Ozone Holes Shrinks to its Lowest Level Since 1988

Ozone hole has reduced to its lowest size since year 1988, as per a new review published by NASA. The ozone layer above Antarctica was badly impacted due to environmental changes and the recent shrinkage has been attributed to warmer-than-usual weather conditions. NASA report informed that during the latest review, ozone hole reduced 1.3 million square miles compared to last year.

In mid-1980s, governments across the world started implementing ban on ozone depleting chemicals. The chemicals already in the system were phased out or replaced with time. Chlorofluorocarbons are considered among main culprits causing ozone depletion. Ozone layer is effective in blocking ultraviolet radiation.

In year 2000, ozone hole reached its highest point covering 11.5 million square miles. During the current review, ozone hole covers approximately 7.6 million square miles. Ozone levels started stabilizing by mid-1995 and reduction in ozone hole was first noticed in 2001.

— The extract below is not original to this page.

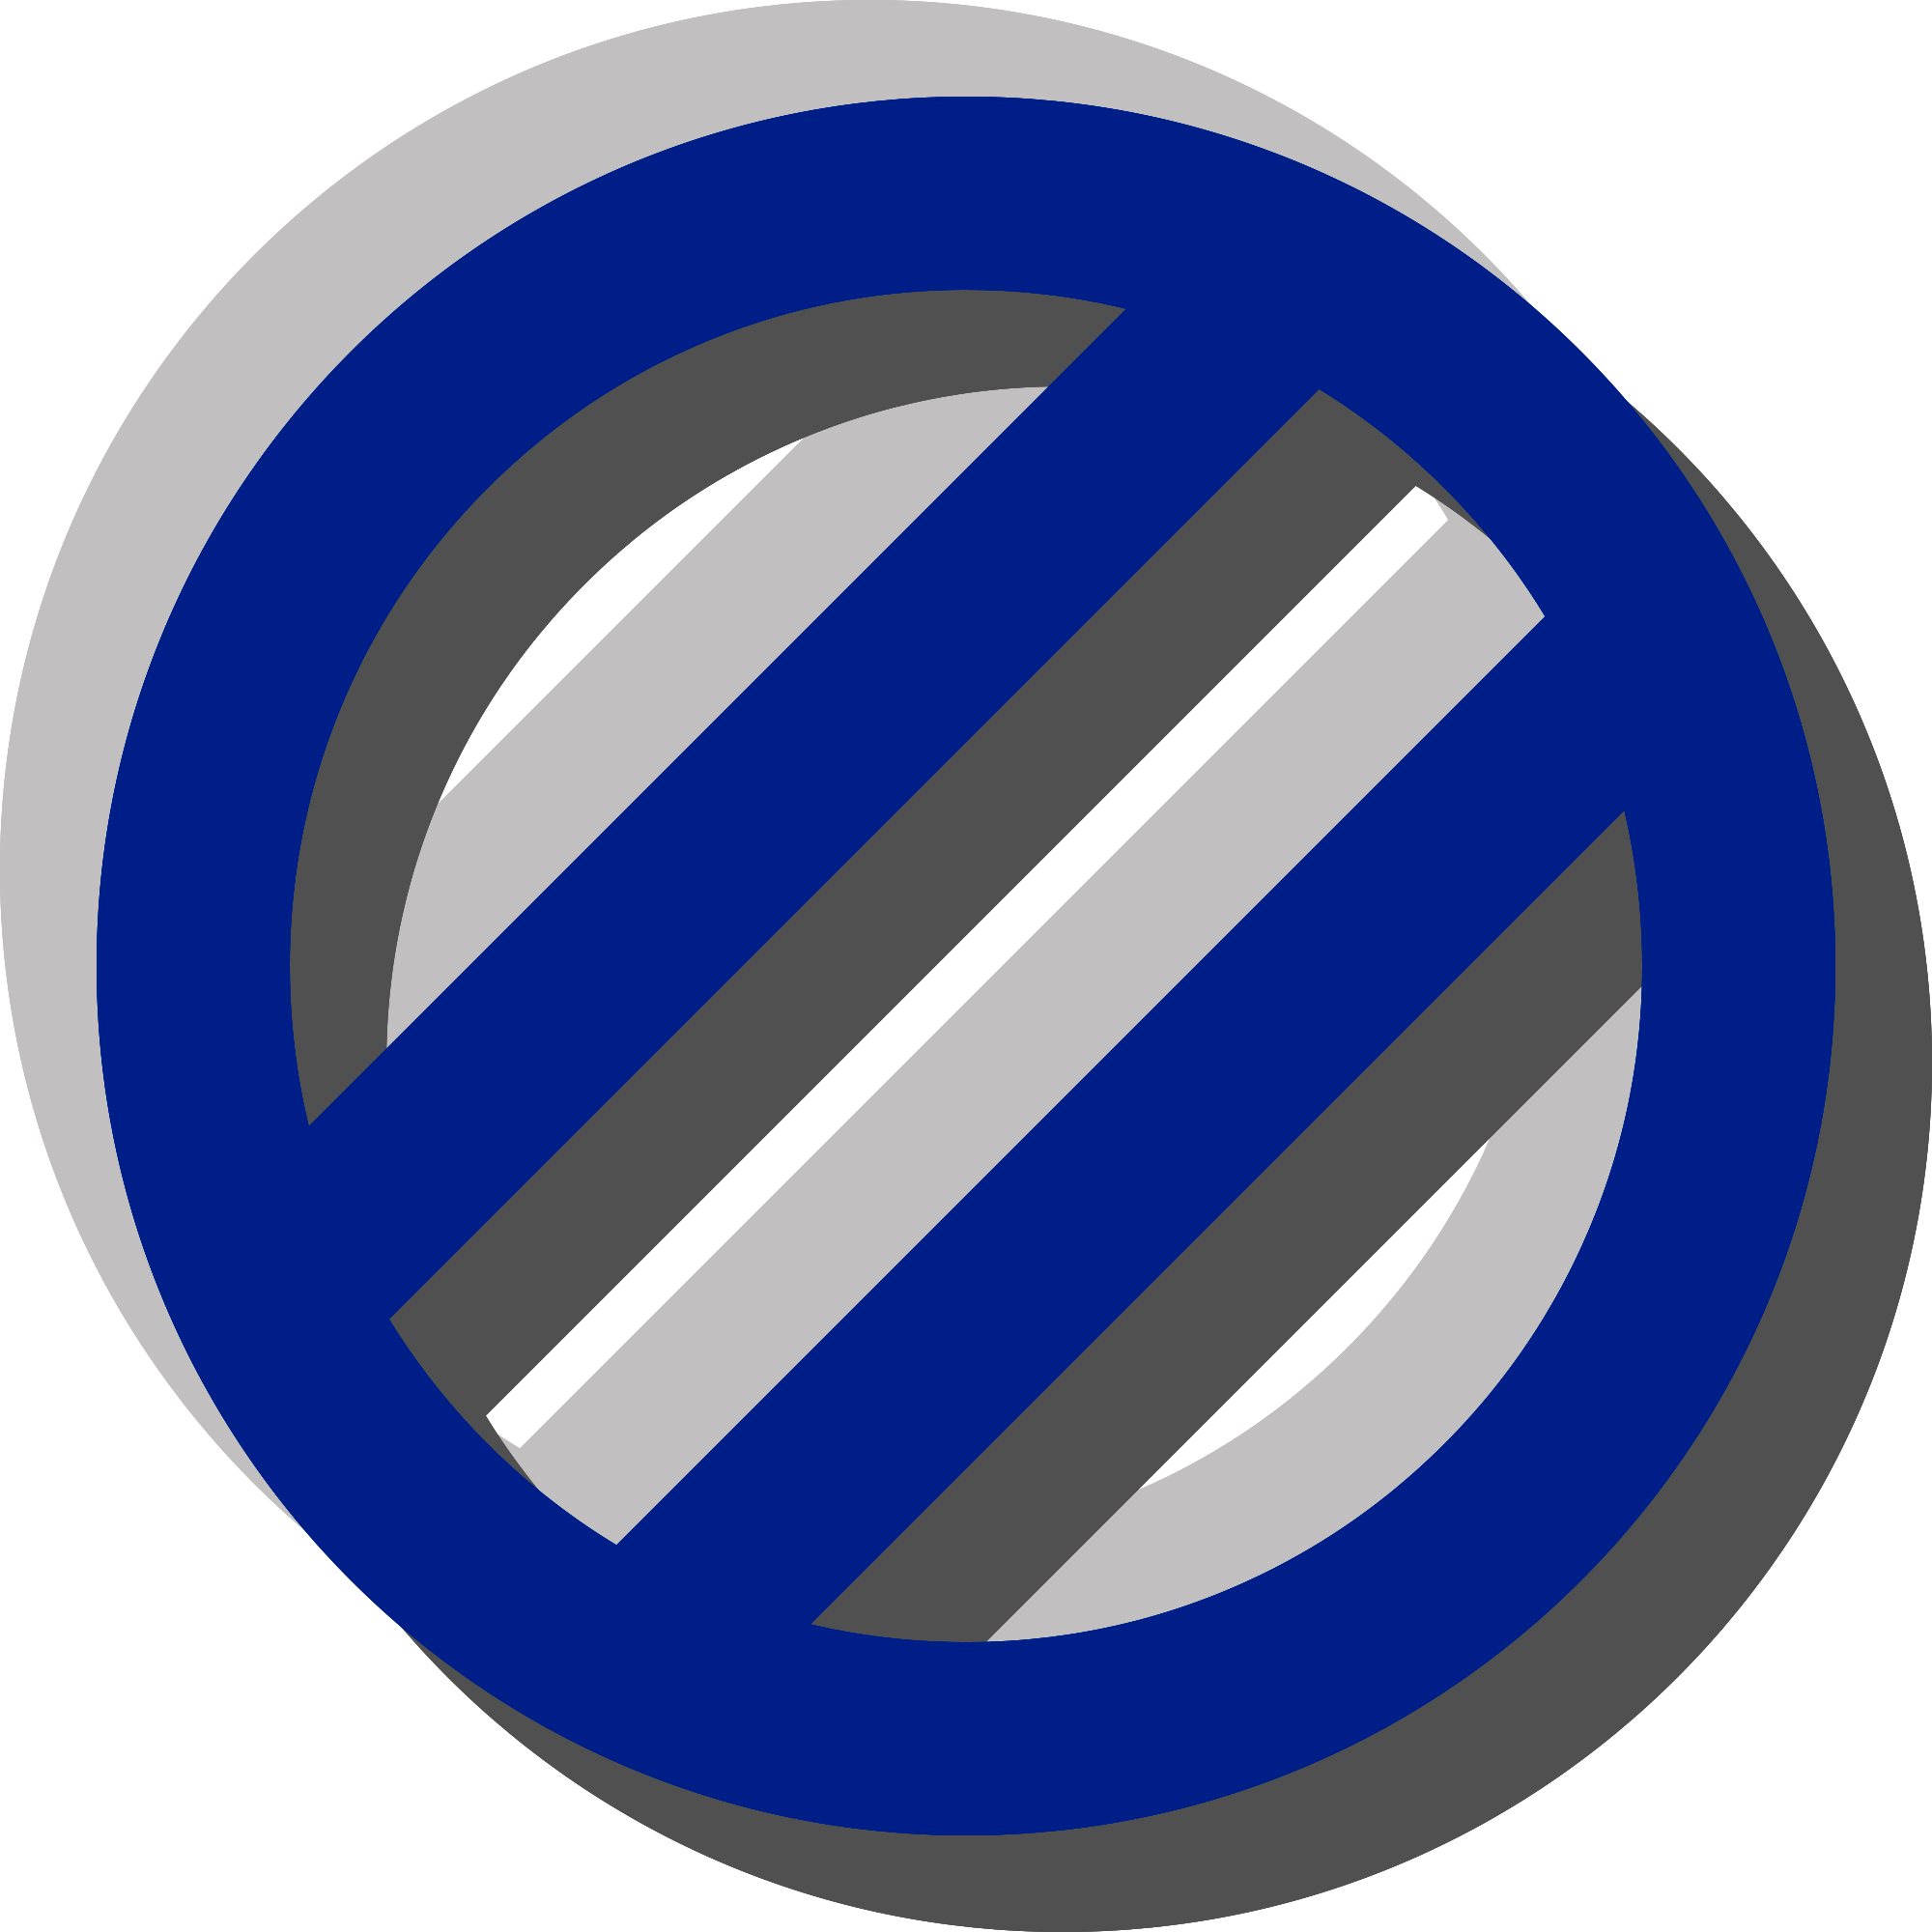 O símbolo gênero-cinza é composto pelo contorno de um círculo que também é dividido em três partes por linhas diagonais. Este símbolo é representado na imagem três vezes, estando azul marinho em seu centro e tendo supostas sombras em um tom de cinza claro e outro escuro em posições opostas.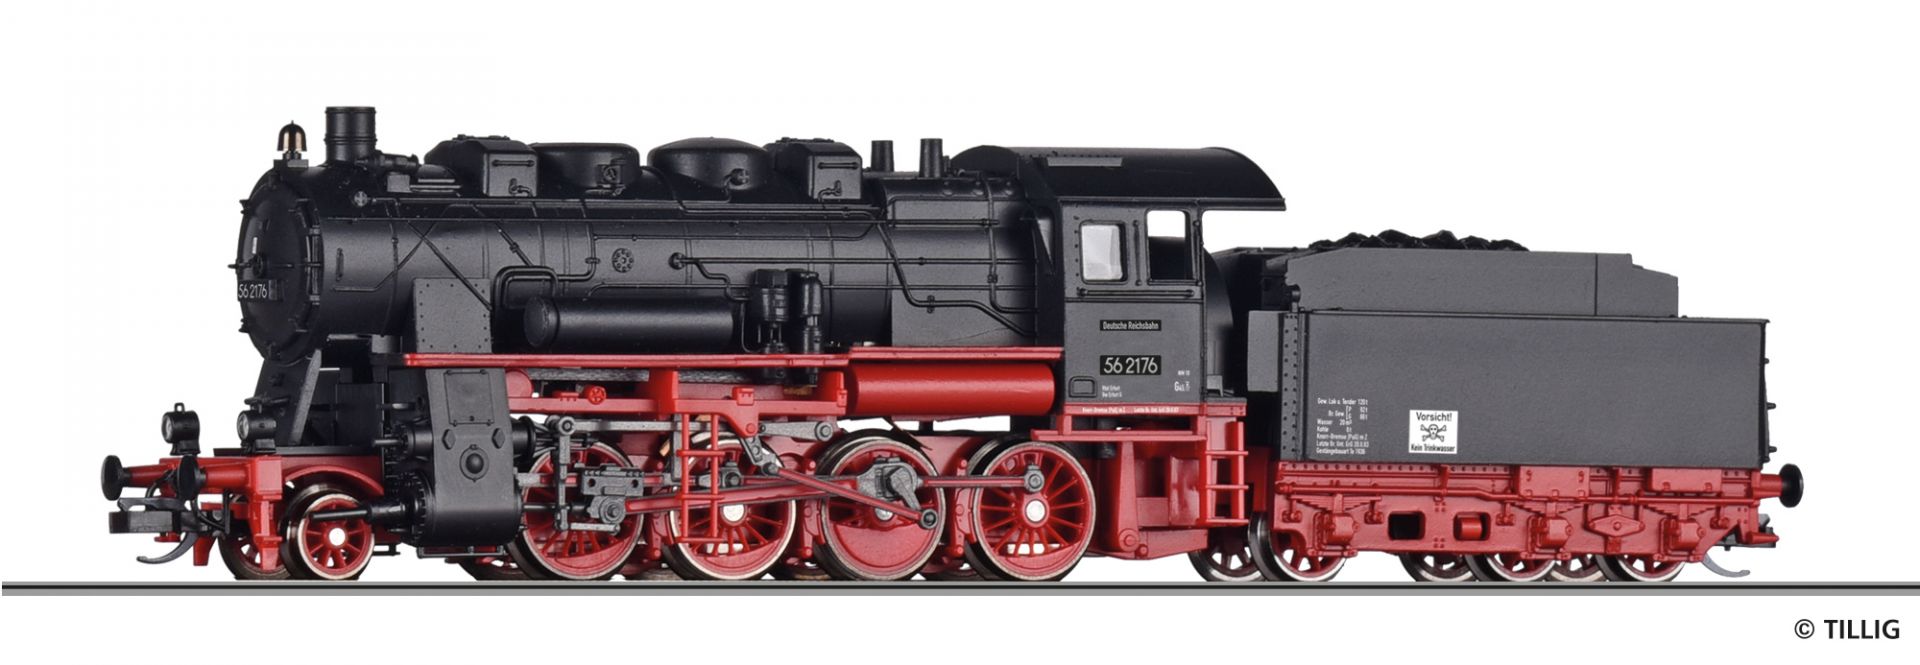 02236 | Dampflokomotive DR

Paul A. Newman, chief Earth scientist at NASA’s Goddard Space Flight Center in Maryland informed, “Weather conditions over Antarctica were a bit weaker and led to warmer temperatures, which slowed down ozone loss. It’s like hurricanes. Some years there are fewer hurricanes that come onshore. This is a year in which the weather conditions led to better ozone formation.”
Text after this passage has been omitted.